FICA taxes are withheld as long as you are working. However, .... you must take benefits at age 70 even if you continue to work.

I probly shouldn't ask (and may regret it) but is there any logic or rationale to this?
 
Very few people don't "make it to draw benefits" - many will live beyond 70 and many others will take benefits at age 62 thru 70. **

** From SSA in 2010, less than 4% of the population aged 62–84 will never receive Soc Sec benefits. Late-arriving immigrants and infrequent workers composed around 90 percent of the never-beneficiaries. Only 5.7% of the 4% or 0.22% never receive Soc Sec benefits because they died without taking benefits.

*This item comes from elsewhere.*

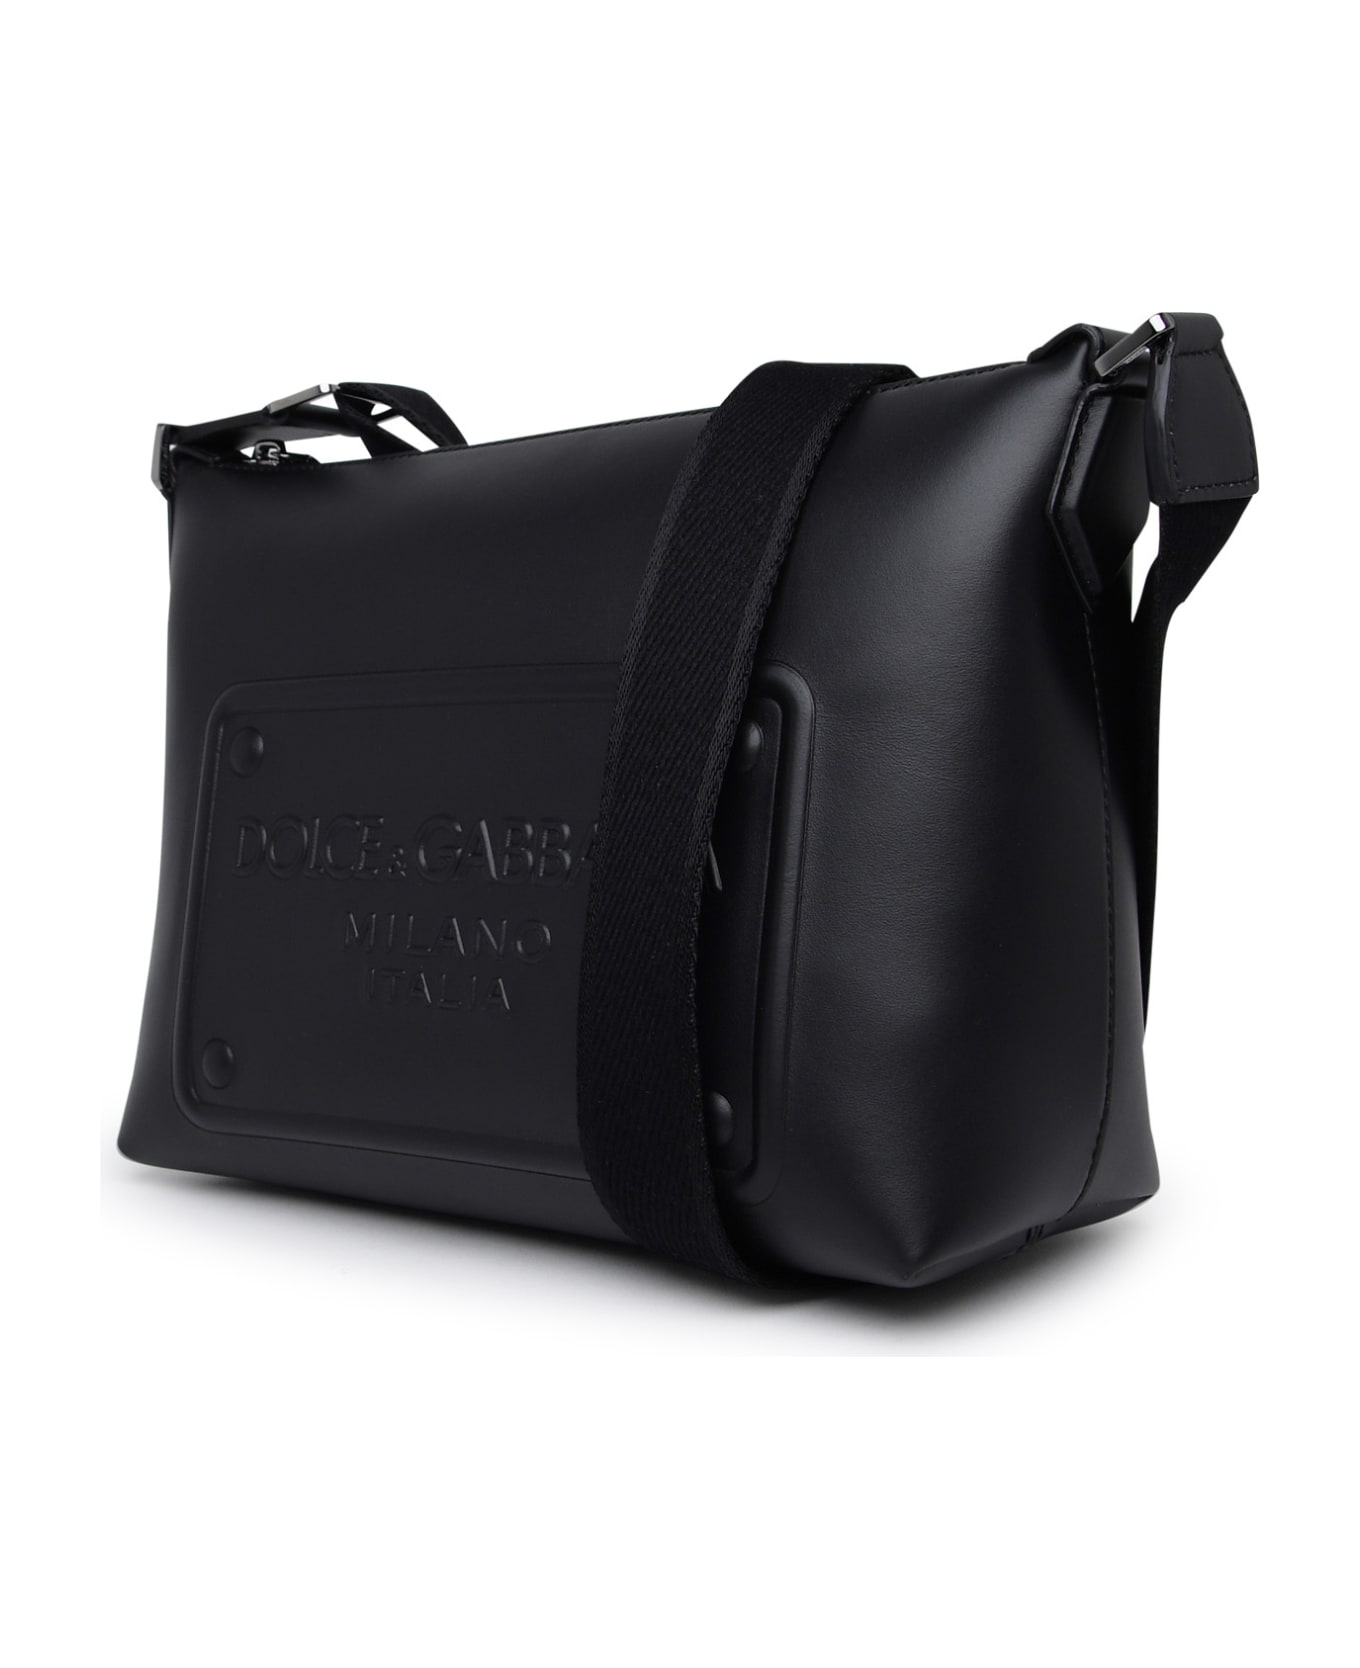 Dolce & Gabbana Black Leather Crossbody Bag - Black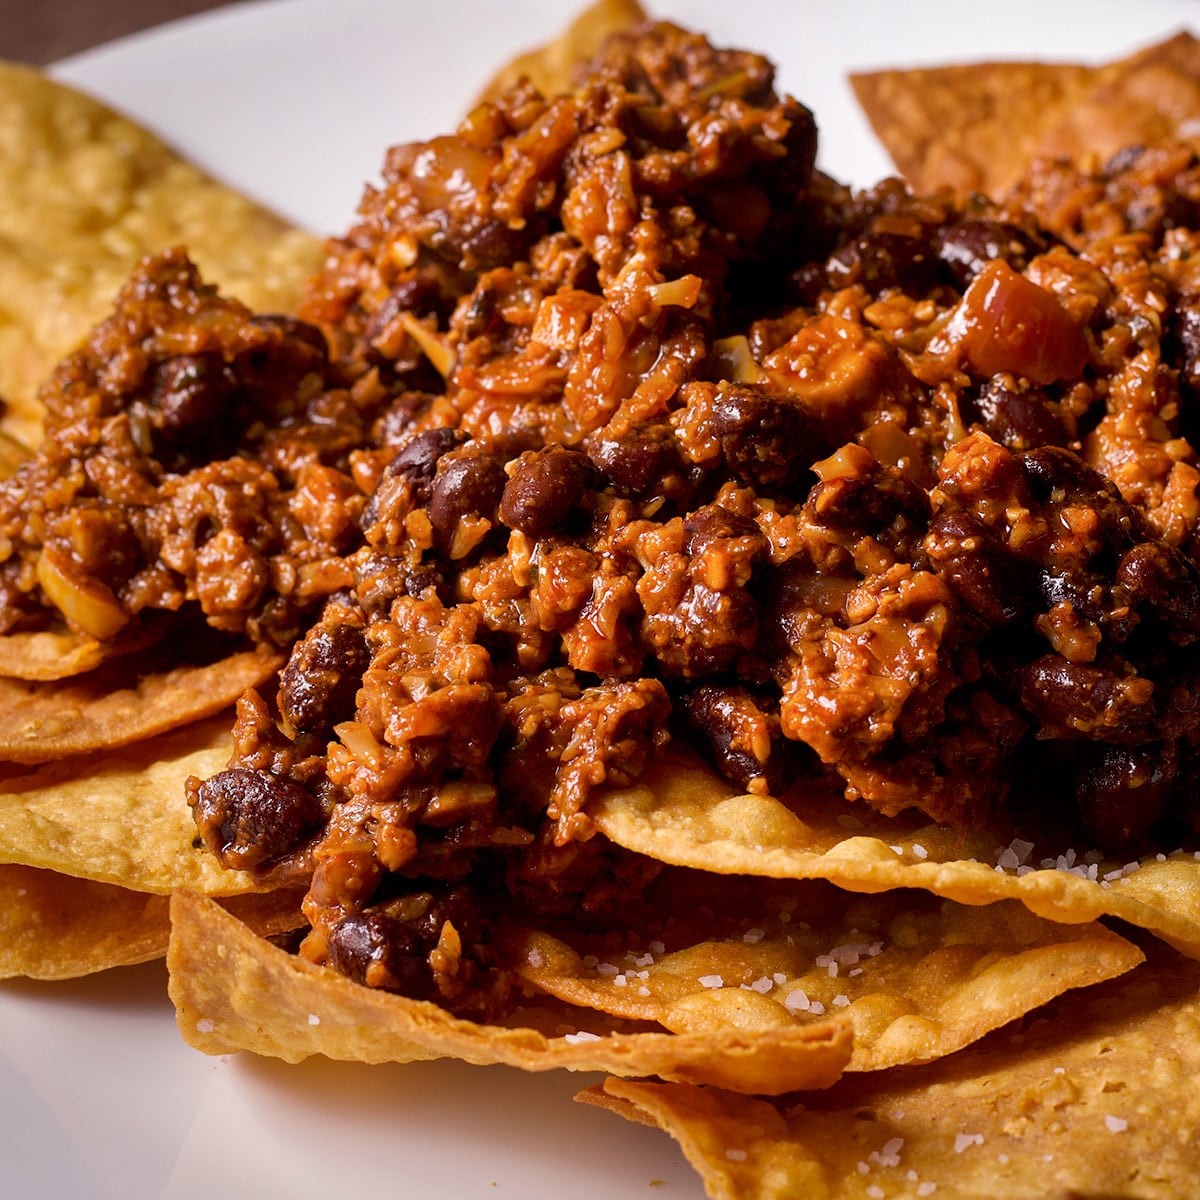 Vegan taco meat piled onto tortilla chips.

At 19-20 years old, there are about 99% that have survived.
At 62 there are about 84% that have survived. 15% of workers don't
make it to collect their SS.
My personal observation is that this 15% number should be higher.

http://www.cdc.gov/nchs/data/dvs/LEWK3_2009.pdf
 
IMHO, those of us who have retired before 65 are rare. Those who retired before 60 are very, very rare. Despite the negative expectations, I still think there are many who will retire early and some who will retire very, very early. Good luck to all!

I recently passed my 58th birthday, but I can always feel young by hanging out with the retirees at the gym since none of them retired in their 50's, and we often get invited to come along along to one or event or another, and love responding that we are too young, as the events in question are mostly for the over sixties.

I probly shouldn't ask (and may regret it) but is there any logic or rationale to this?

Probably not :D

70 is the age at which SS benefits have to be taken in the same way that 70.5 is the age that IRA withdrawals have to start. However, while there are penalties for not doing RMD's I would be surprised that SSA would come after you aggressively if you didn't claim SS at age 70.